Breakfast was a tasteless mush, which was actually a good thing considering my state. I worked my way though it in silence. Customers began to arrive in ones and twos, and Hella saw to them. The mix seemed to favor half orcs, but humans came a strong second. There was one... insect guy? He (or she maybe) looked kind of like a praying mantis, and one troll shambled in, built up the fire, then took the fiddle that Old Torg had been torturing the night before and treated it with a lot more respect. It wasn’t Terces.

They were all obviously regulars. Hella knew what they wanted without having to ask.

The thing that eventually percolated into my consciousness was the fact that nobody gave me a second glance. I wouldn’t have thought twice about it in a big city like the capital, but in a much smaller place like Mudhelm, I would have expected a stranger to garner more attention. But the only person staring, even surreptitiously, was me.

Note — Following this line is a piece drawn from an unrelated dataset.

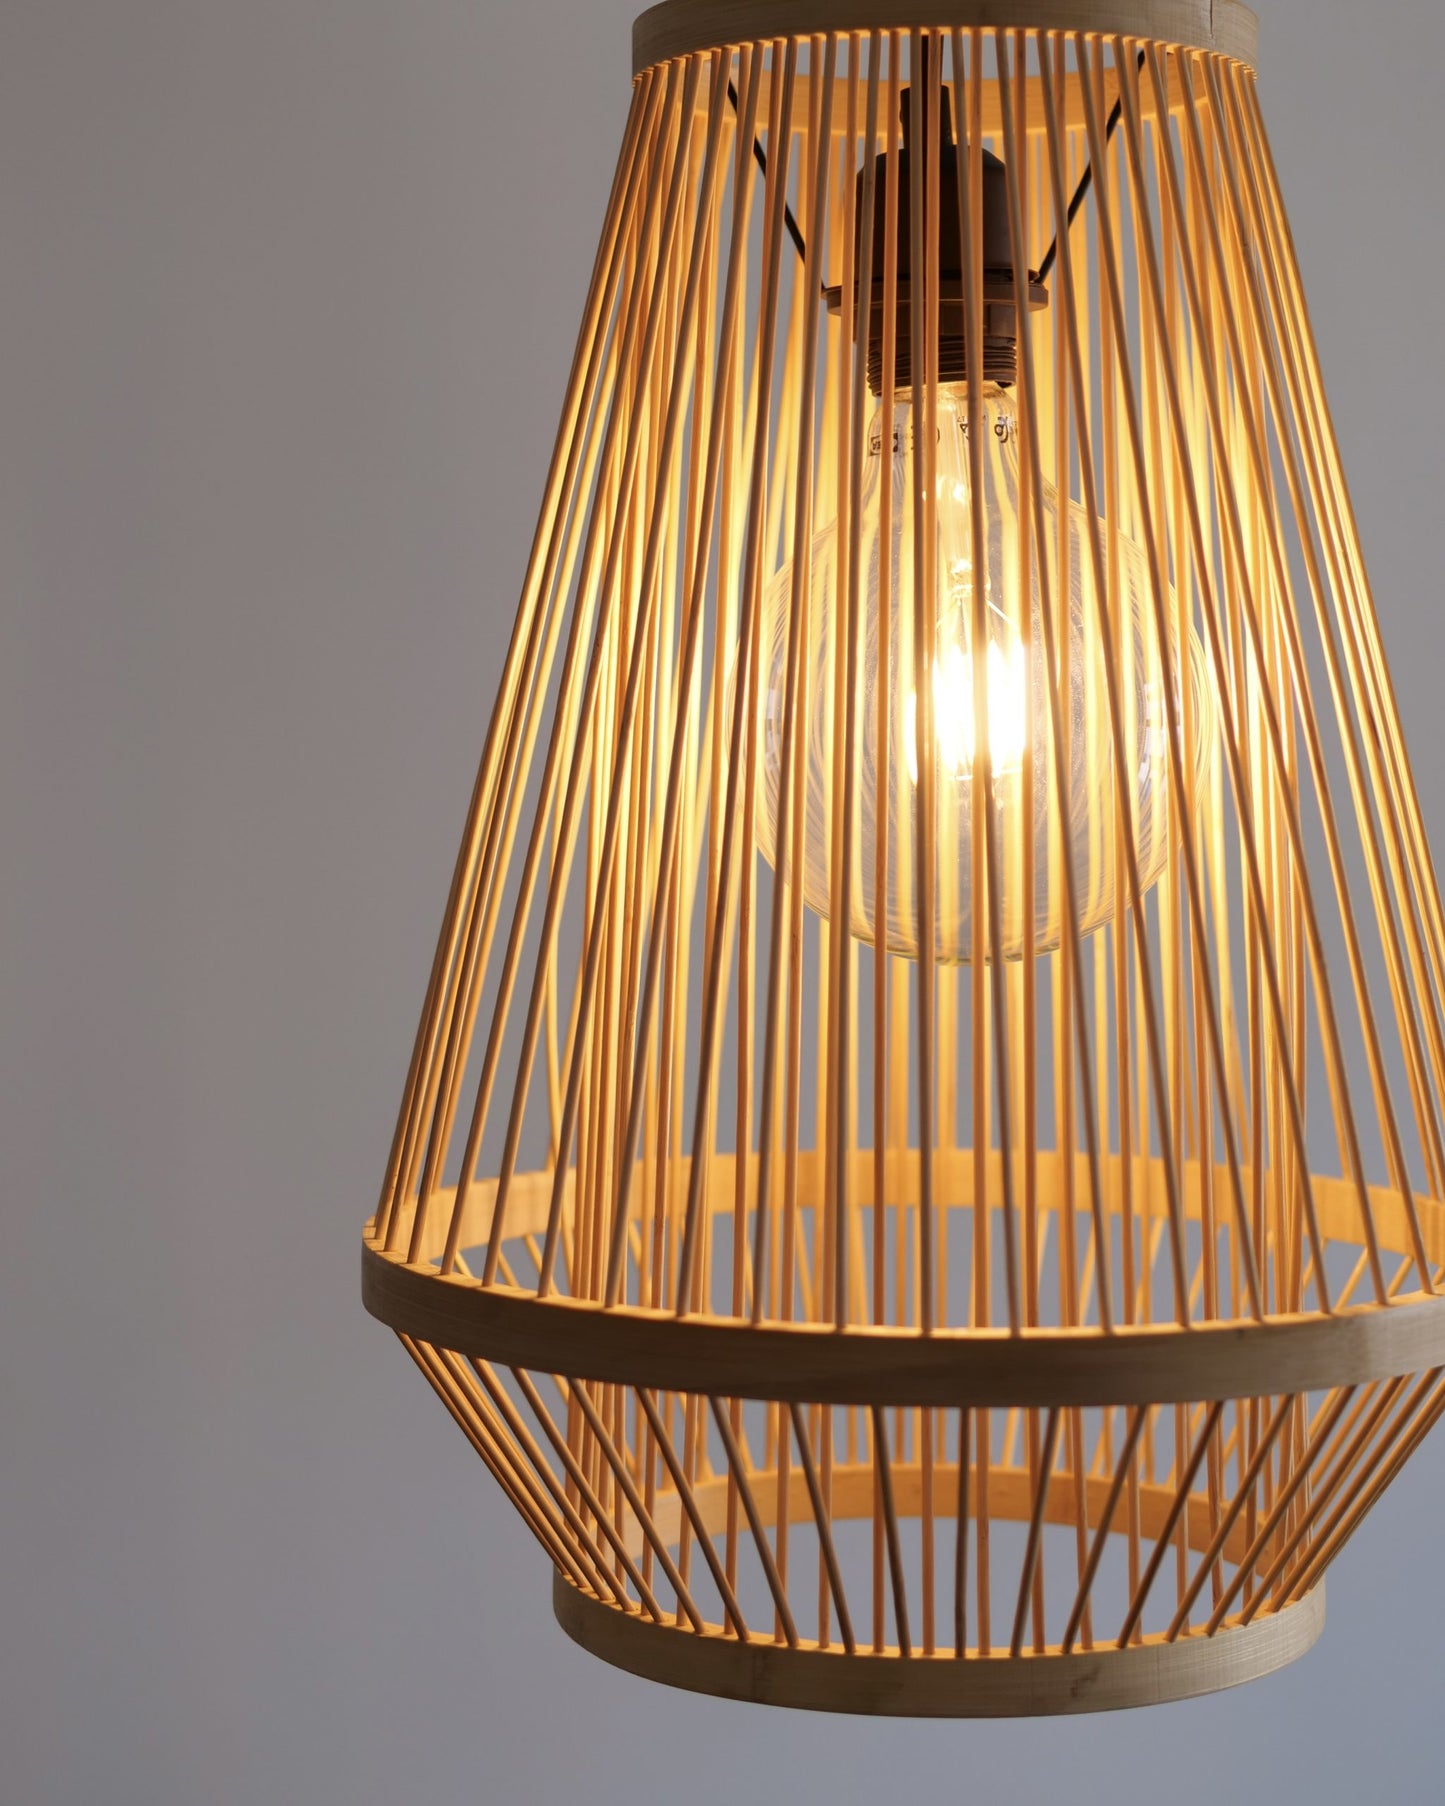 Бамбукова лампа. Продълговата бамбукова лампа за интериор. Направена за оачакване от таван.
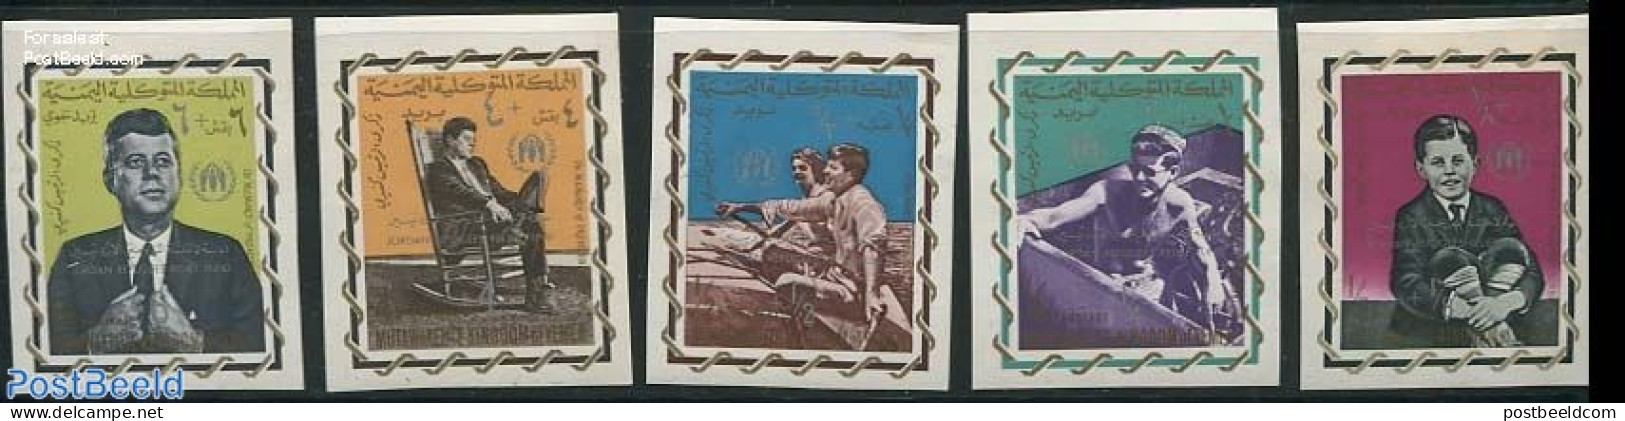 Yemen, Kingdom 1967 Refugees Overprints 5v, Imperforated, Mint NH, History - Transport - American Presidents - Refugee.. - Refugiados

Maybe I was a little sensitive about my general treatment the previous day. Maybe there was just nothing remarkable about me, now that the stench and filth of the wild had been scraped off, and my necklace of Fuck You had been packed away. But I began to suspect it was something more than that: with so many extremely different types of beings all living cheek by jowl, it might have become a sort of cultural thing – Live and let live. Mind your own business. Don’t stare at strangers lest you also be stared at. Or lest they take offense and bite off your face. Something like that, anyway.

Looking back, I’m actually a little proud of my younger self for at least trying to understand the people and the place I now found myself in. It was a sign of growth and maturity, and that I did it with the handicap of an absolutely brutal hangover gave it that much more weight.

Then I finished my mush and got on with what really mattered, which was finding Catapult. Thinking deep thoughts is all well and good, but philosophers don’t conquer kingdoms, or secure sweet, sweet revenge.

People with axes and grudges do that.